Here’s how I fumbled and bumbled my way through my experience …
I removed as much negativity from my life as possible. I quit watching television, quit paying attention to the news, and steered clear of toxic people.
I read, read, read, read, and read some more. I read self help books, healing books, spiritual books, any book that would teach me how to gain control over my thoughts and thereby gain control over my life.
I surrounded myself with amazing, supportive, courageous, self-confident, successful people. One evening in July 2007 I attended an eWomenNetwork “networking” event facilitated by Kymberlee Simantel (who I now consider a dear friend and whom I love tons). That evening proved to be a crucial part of my healing and growing. I have become dear friends with a core group of women from that organization and they have always been there to support me, encourage me, give me a kick in the butt when I need it, and just let me be ME as I worked through all kinds of crud!
I leaned on and let my family help me (my Mom, Frank and my Daddy).
This isn’t going to work for everyone. It’s just what I did and what worked for me. Hey! We are all DIFFERENT!! What works for one person, will not work for someone else. The key is to not give up. Keep on keepin on until you find the perfect recipe for you .. the magic ingredients that will mix well together for you and cook to perfection to bring you through whatever uncomfortable experience you may be going through. One critical thing to keep in mind is to let yourself have those moments, days or even weeks where you aren’t trying so hard to get past and through. It’s crucial to ask for help if you need it, whether it’s professional help or help from friends and family. Be with the uncomfortableness so you can learn and grow within.

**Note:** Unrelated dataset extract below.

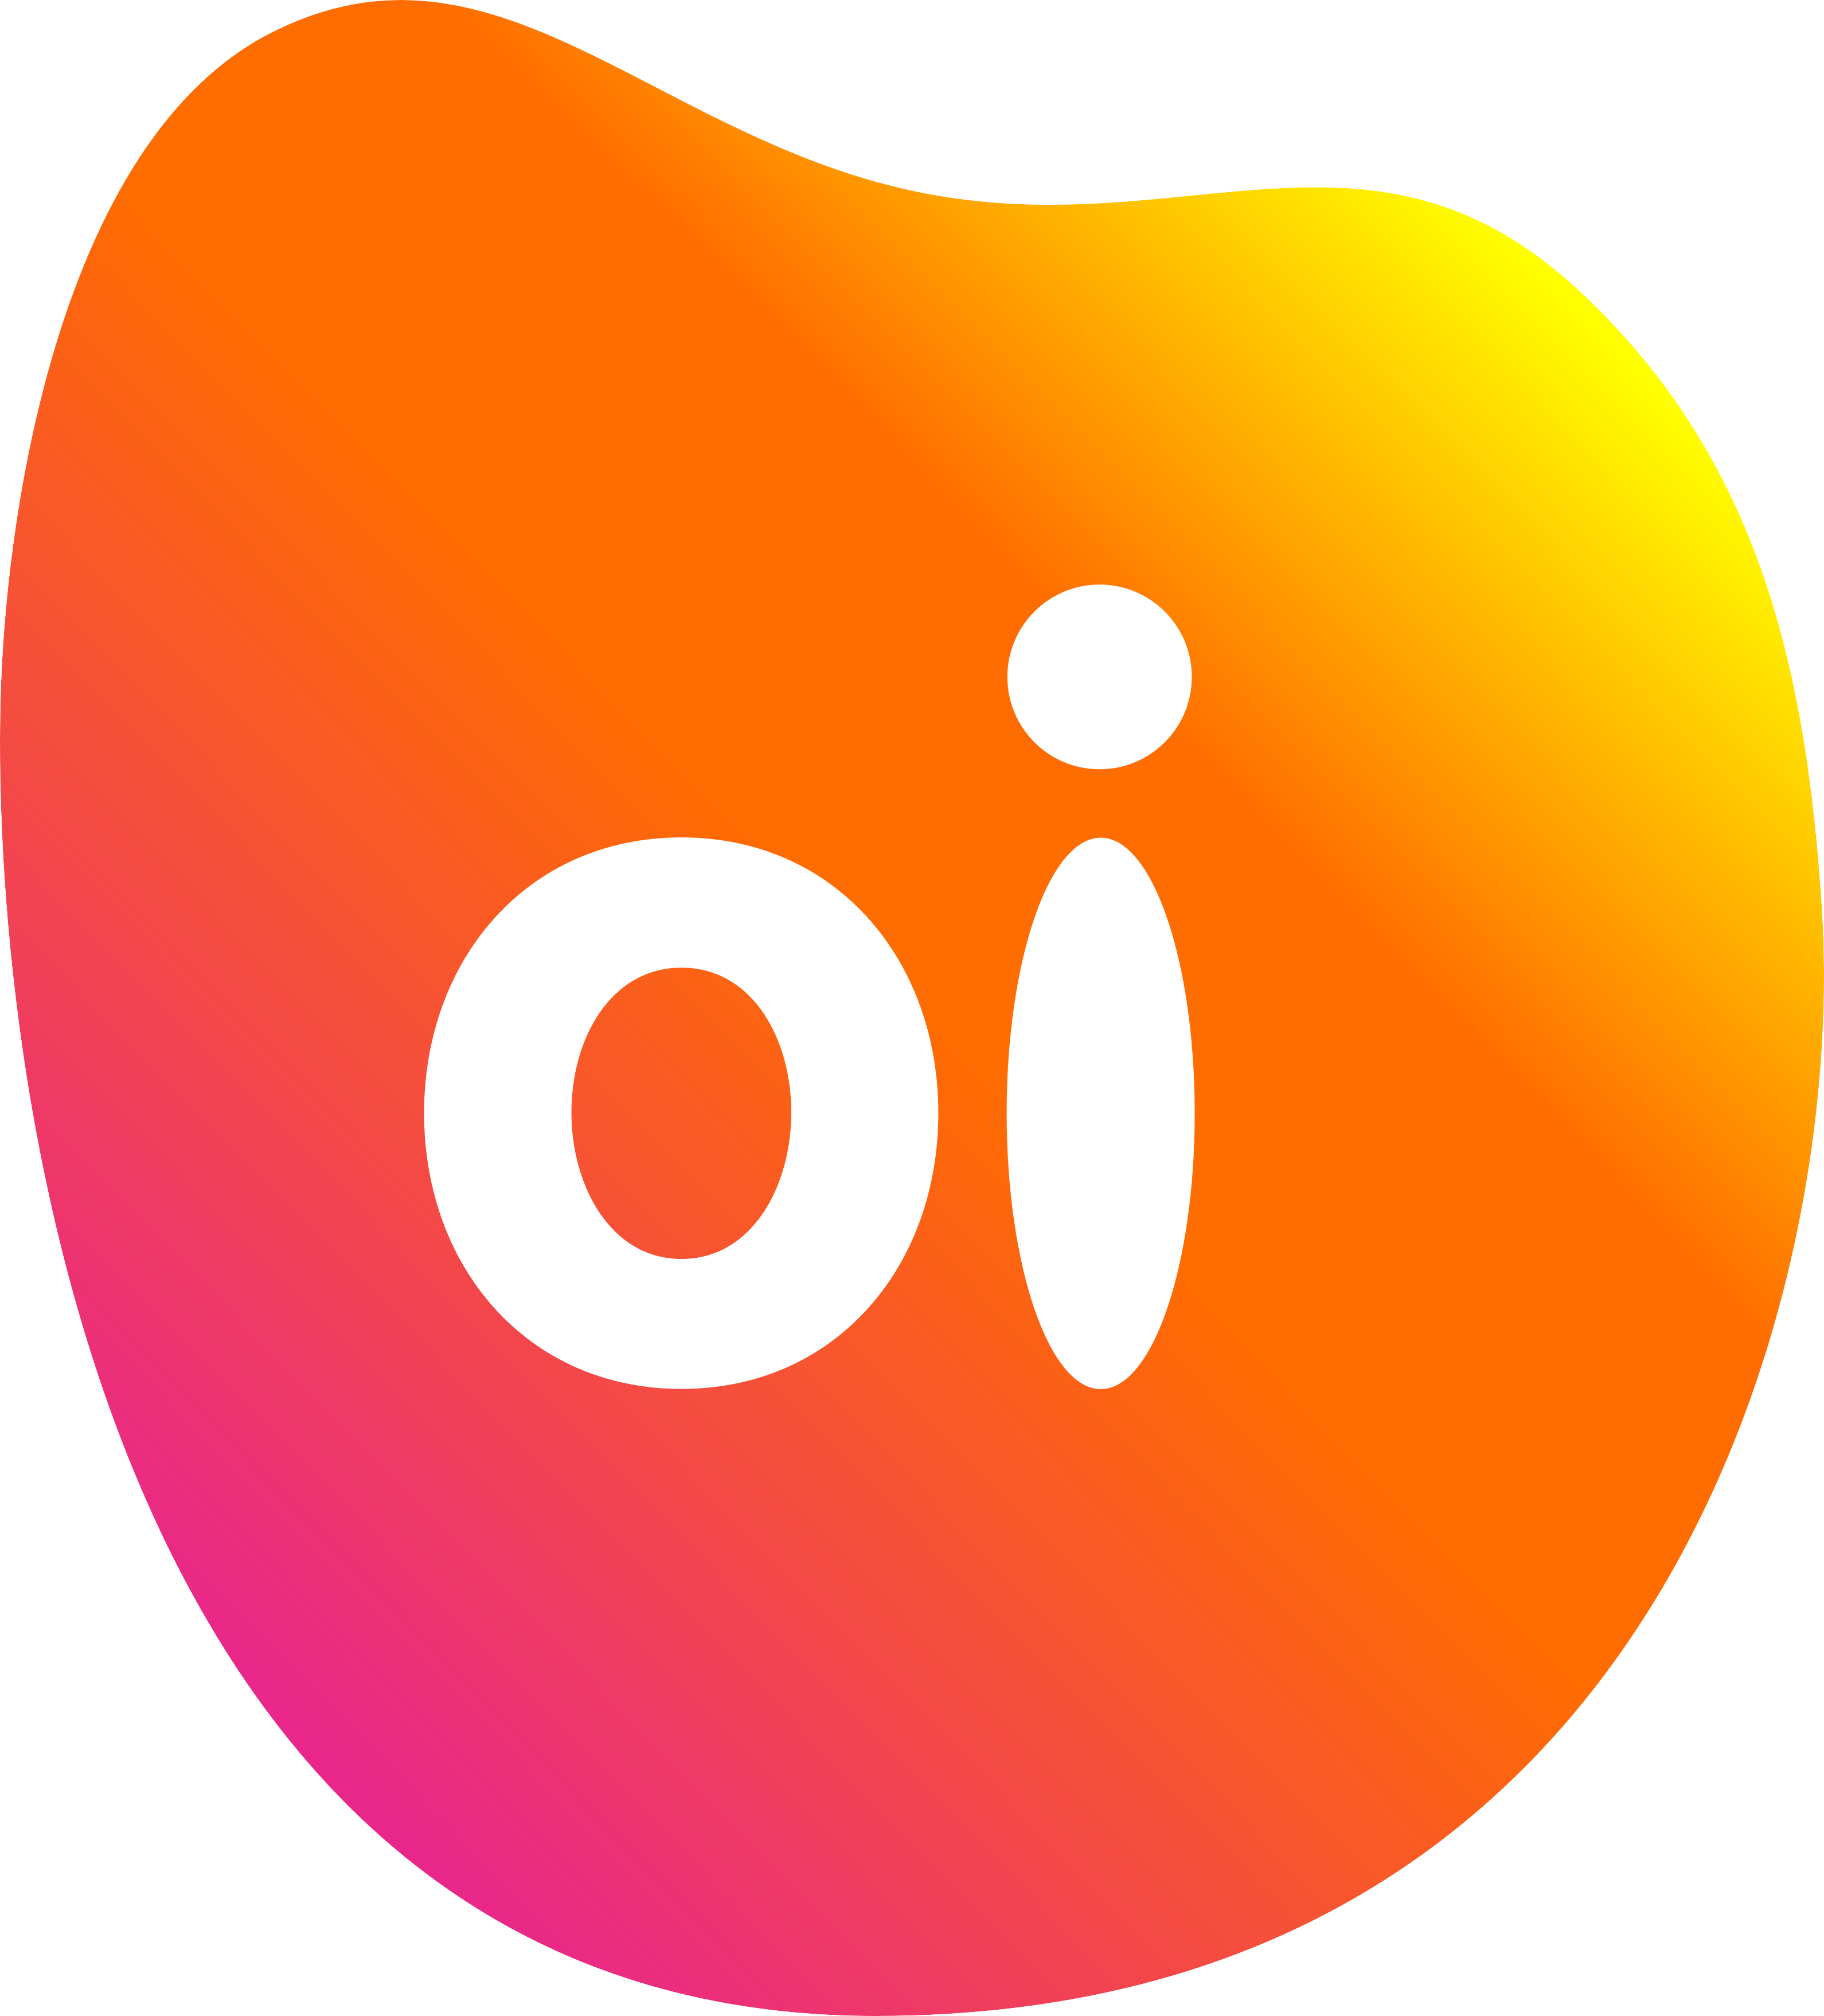 Oi Telecom

Another component that I have just recently completed is a forgiveness exercise. This actually was part of a Money Magic Coaching course facilitated by my friend, Jamie Cooke of MC2 Wealth Solutions, LLC. As part of the course, you write forgiveness letters. This was very healing and therapeutic. Absolutely not something to be done while you are experiencing the rough time. It’s been 6 years now for me. This was just part of the process. I know I’m not done healing and growing and learning. I do know this though … I’m further along than I was 6 years ago and I hope to not be done learning and growing for a very very very long time …
**Please seek professional guidance and support of friends and family if you are experiencing these types of thoughts.